- [Task instructions] Reproduce the listing that follows character for character, excluding its pictures.

(Provided data Opens)

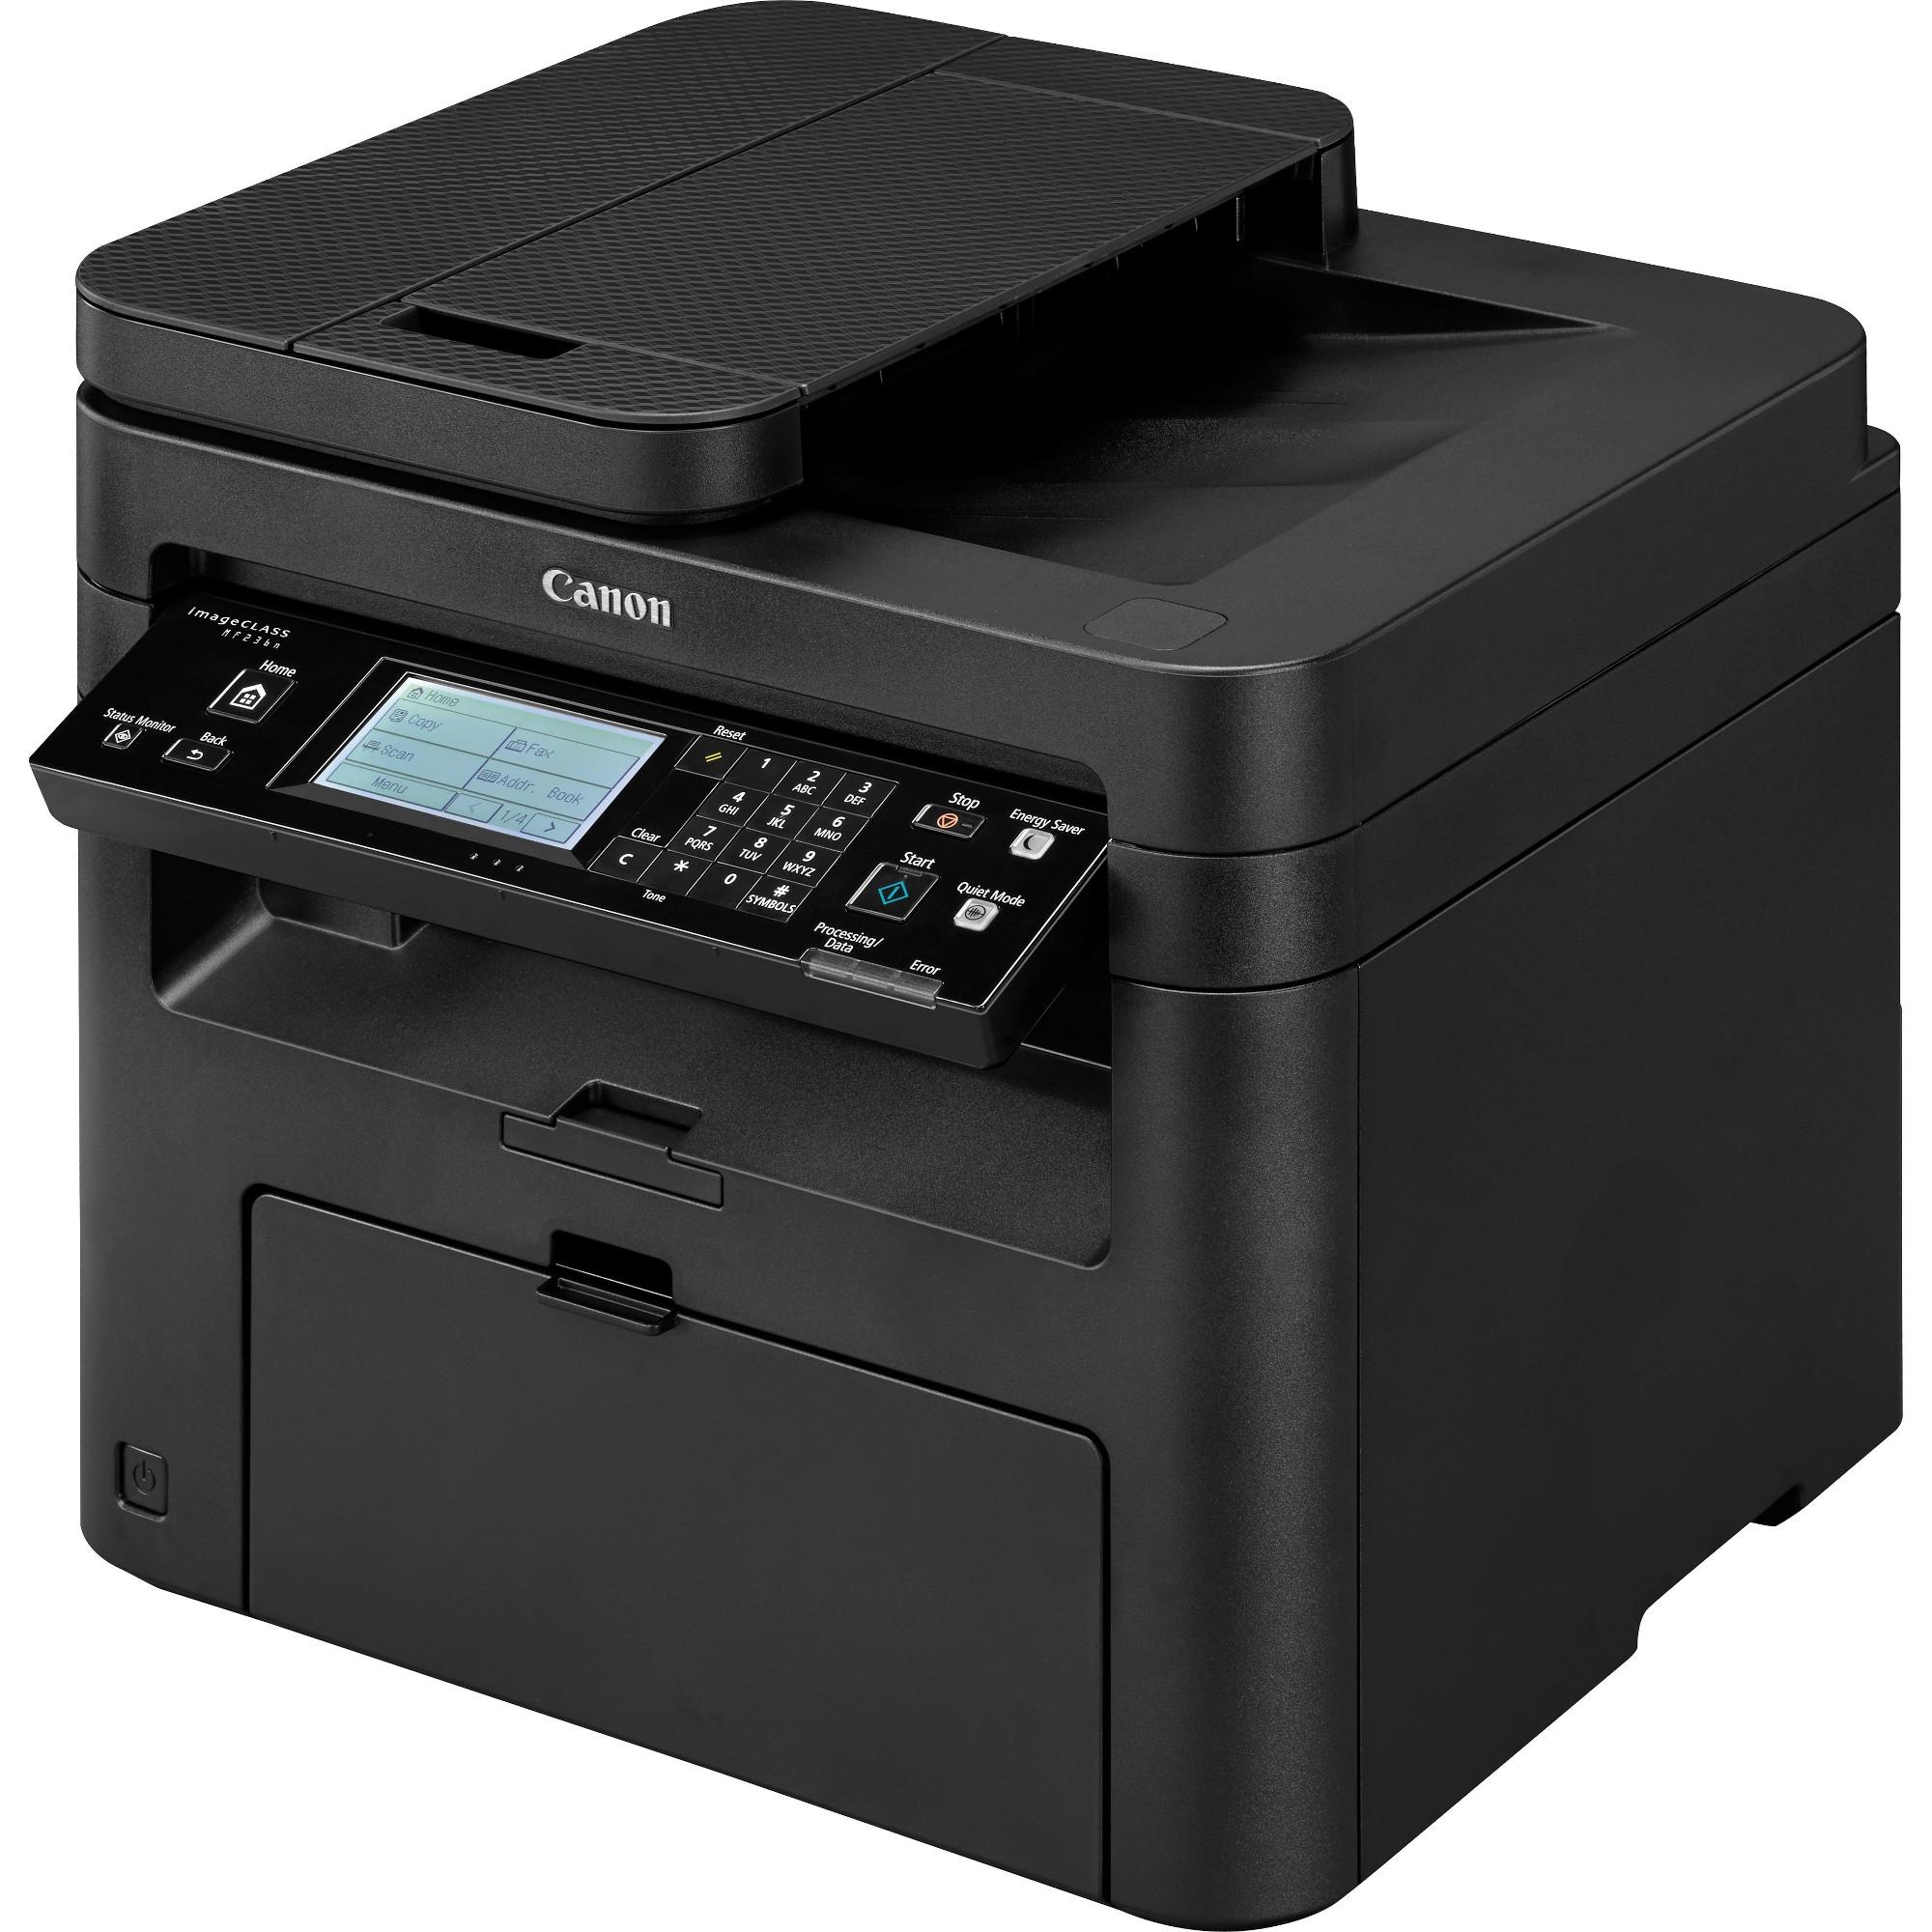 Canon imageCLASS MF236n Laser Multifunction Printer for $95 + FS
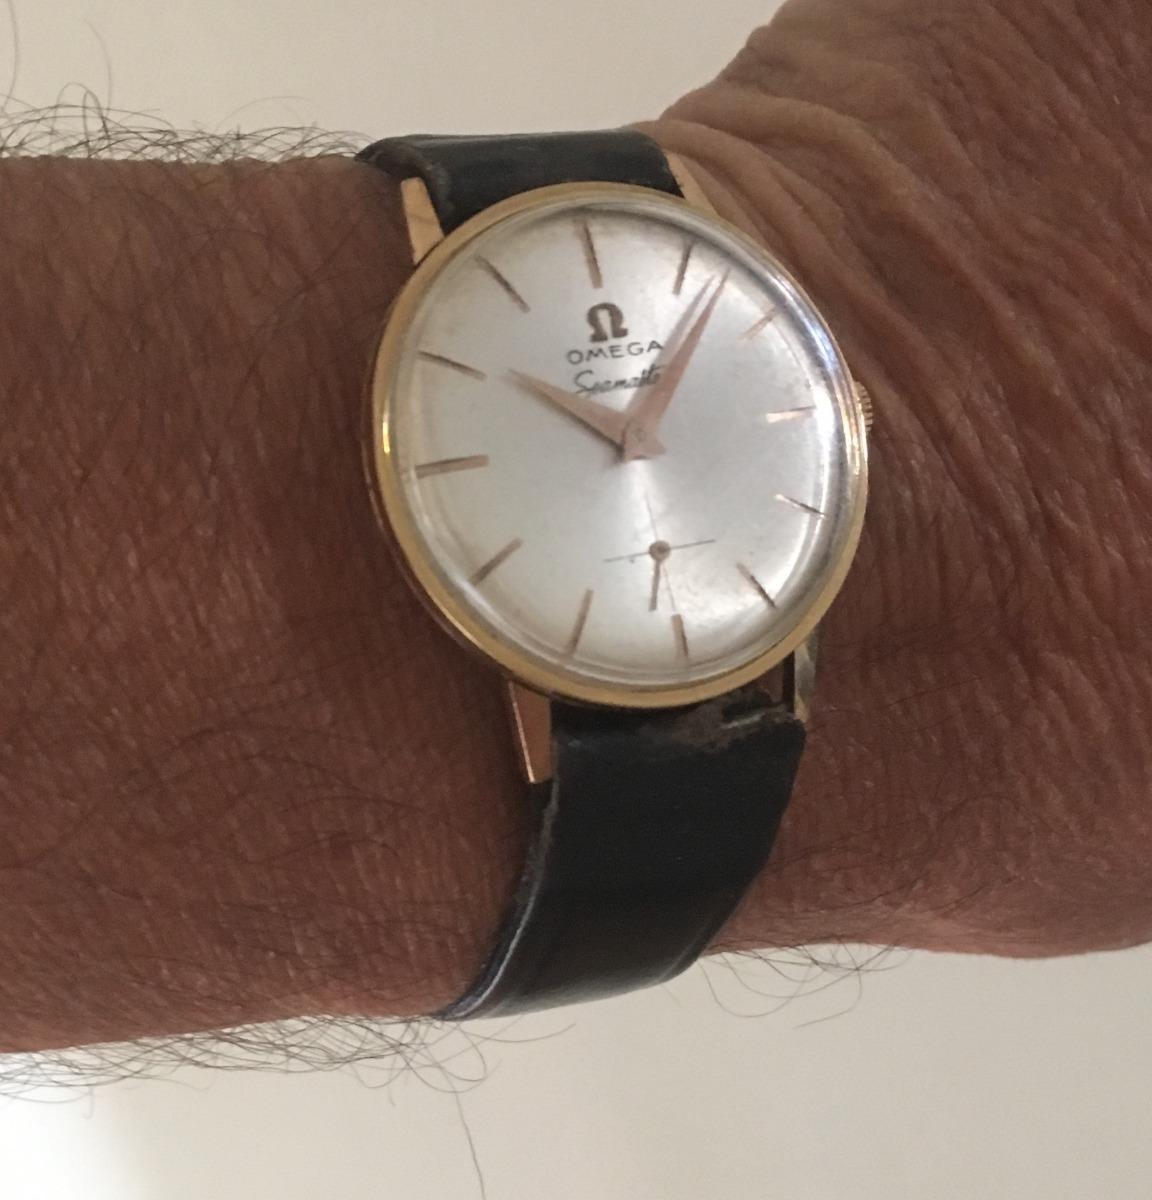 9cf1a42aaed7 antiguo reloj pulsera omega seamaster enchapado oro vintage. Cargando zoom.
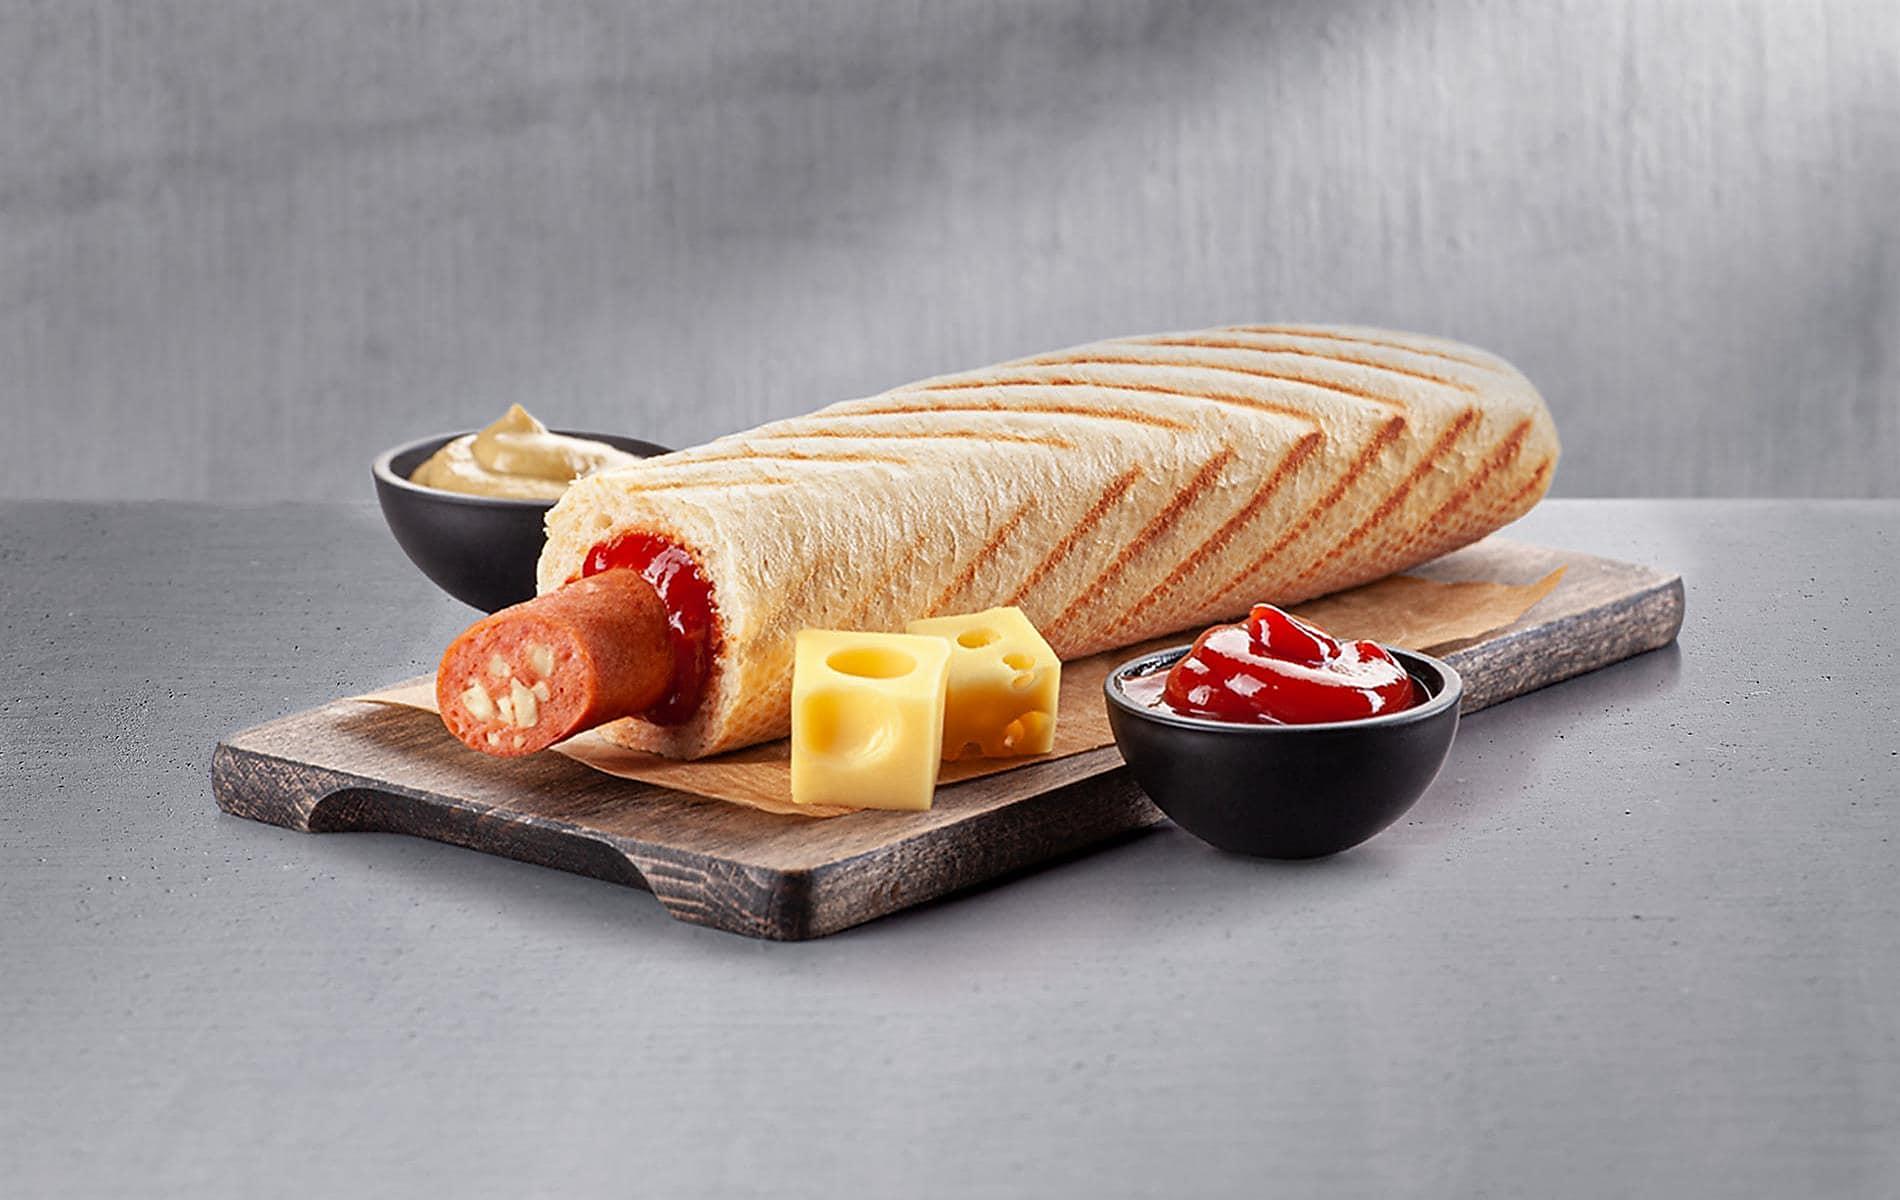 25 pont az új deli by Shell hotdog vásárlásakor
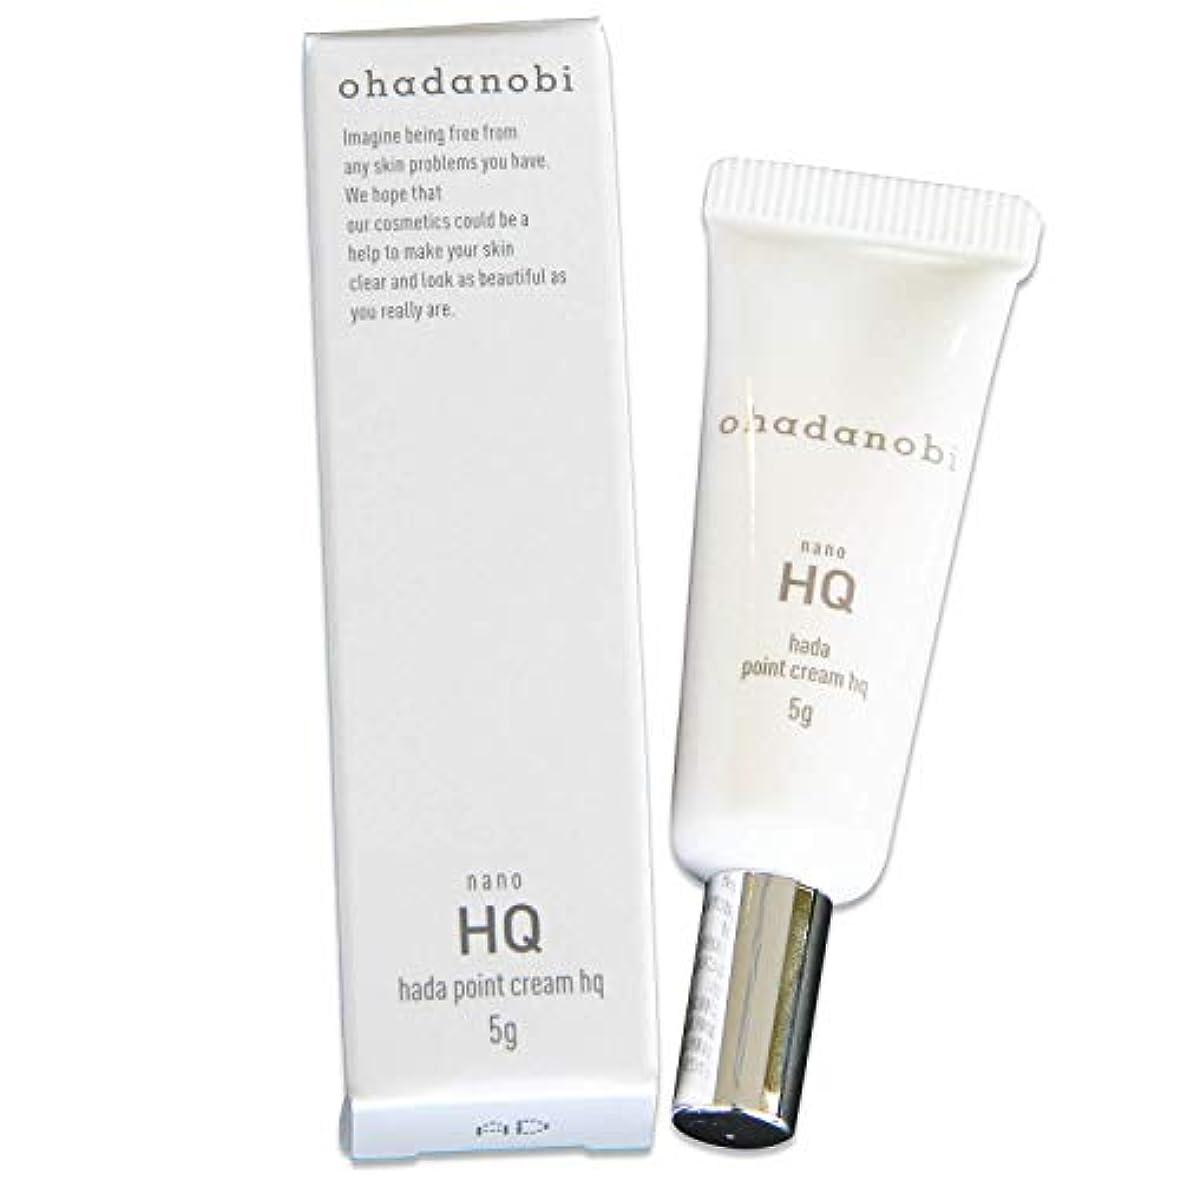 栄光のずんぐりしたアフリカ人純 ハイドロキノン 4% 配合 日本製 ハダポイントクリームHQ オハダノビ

(Provided data Closes)

- [Response below]
 Canon imageCLASS MF236n Laser Multifunction Printer for $95 + FS
 9cf1a42aaed7 antiguo reloj pulsera omega seamaster enchapado oro vintage. Cargando zoom.
 25 pont az új deli by Shell hotdog vásárlásakor
 栄光のずんぐりしたアフリカ人純 ハイドロキノン 4% 配合 日本製 ハダポイントクリームHQ オハダノビ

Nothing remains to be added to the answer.